In some embodiments, increasing eIF3f levels or activity (e.g., via ectopic expression of eIF3f) can increase RAN translation. In some embodiments, this can be useful to increase RAN translation efficiency or induce RAN translation in cells (e.g., to create cellular or animal models of RAN translation). In some embodiments, eIF3f can be added to an in vitro cell-free translation system to support or promote RAN translation.
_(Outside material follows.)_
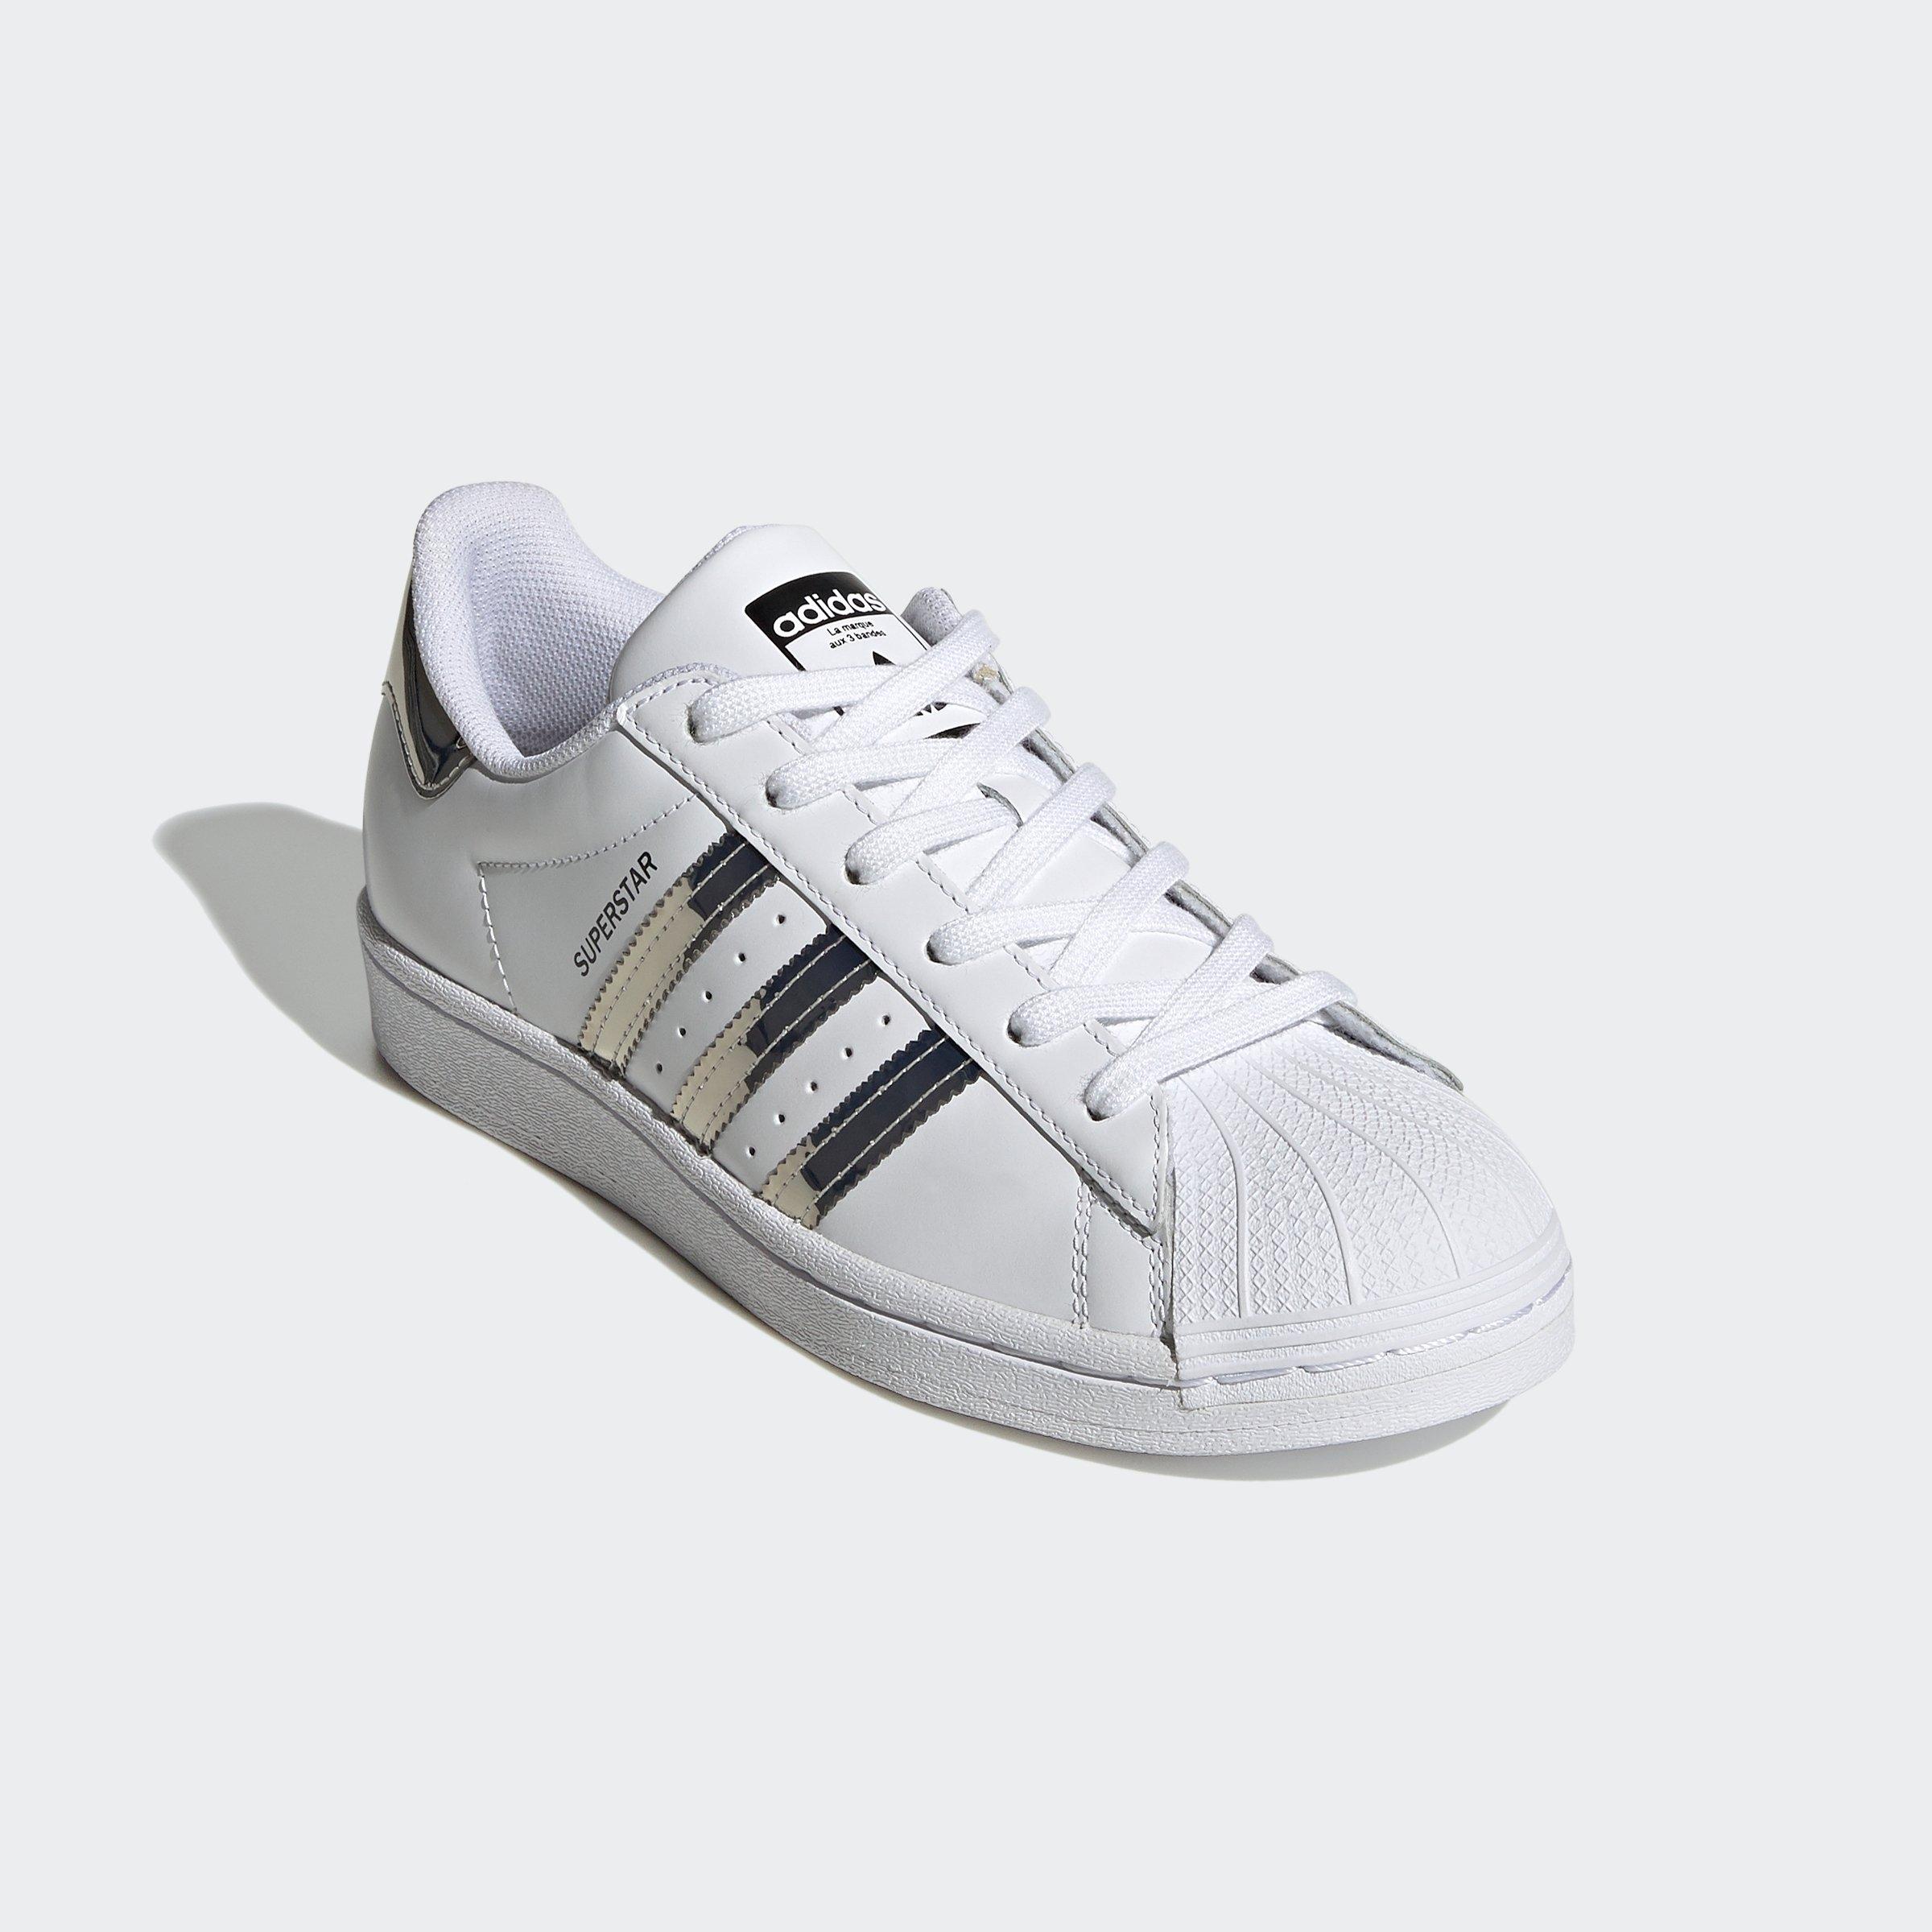 adidas Originals sneakers SUPERSTAR bestellen: 30 dagen bedenktijd

In some embodiments, one or more modulators (e.g., one or more activators, or one or more inhibitors) of one or more subunits of eIF3 are administered to a subject to treat a disease associated with an expansion of a nucleic acid repeat (e.g., associated with a repeat-associated non-ATG translation). For example, in some embodiments, a subject is administered 2, 3, 4, 5, 6, 7, 8, 9, or 10 modulators of one or more subunits of eIF3.

In certain microsatellite expansion disorders such as C9-ALS/FTD, RAN proteins from the GGGGCC repeat expansion are shown to accumulate in gray matter regions. Two of the three antisense reading frames carry an in-frame AUG start codon. According to aspects of the disclosure, the in-frame AUG and near AUG codon can account for the broader RAN protein accumulation in this disease (e.g., C9-ALS/FTD) beyond white matter regions. In some embodiments, RAN translation occurs in the presence of an upstream AUG initiation codon, and modulation of eIF3f/F affects protein accumulation in those reading frames (e.g. PR and GP made from antisense GGCCCC expansion transcripts in C9orf72 ALS/FTD).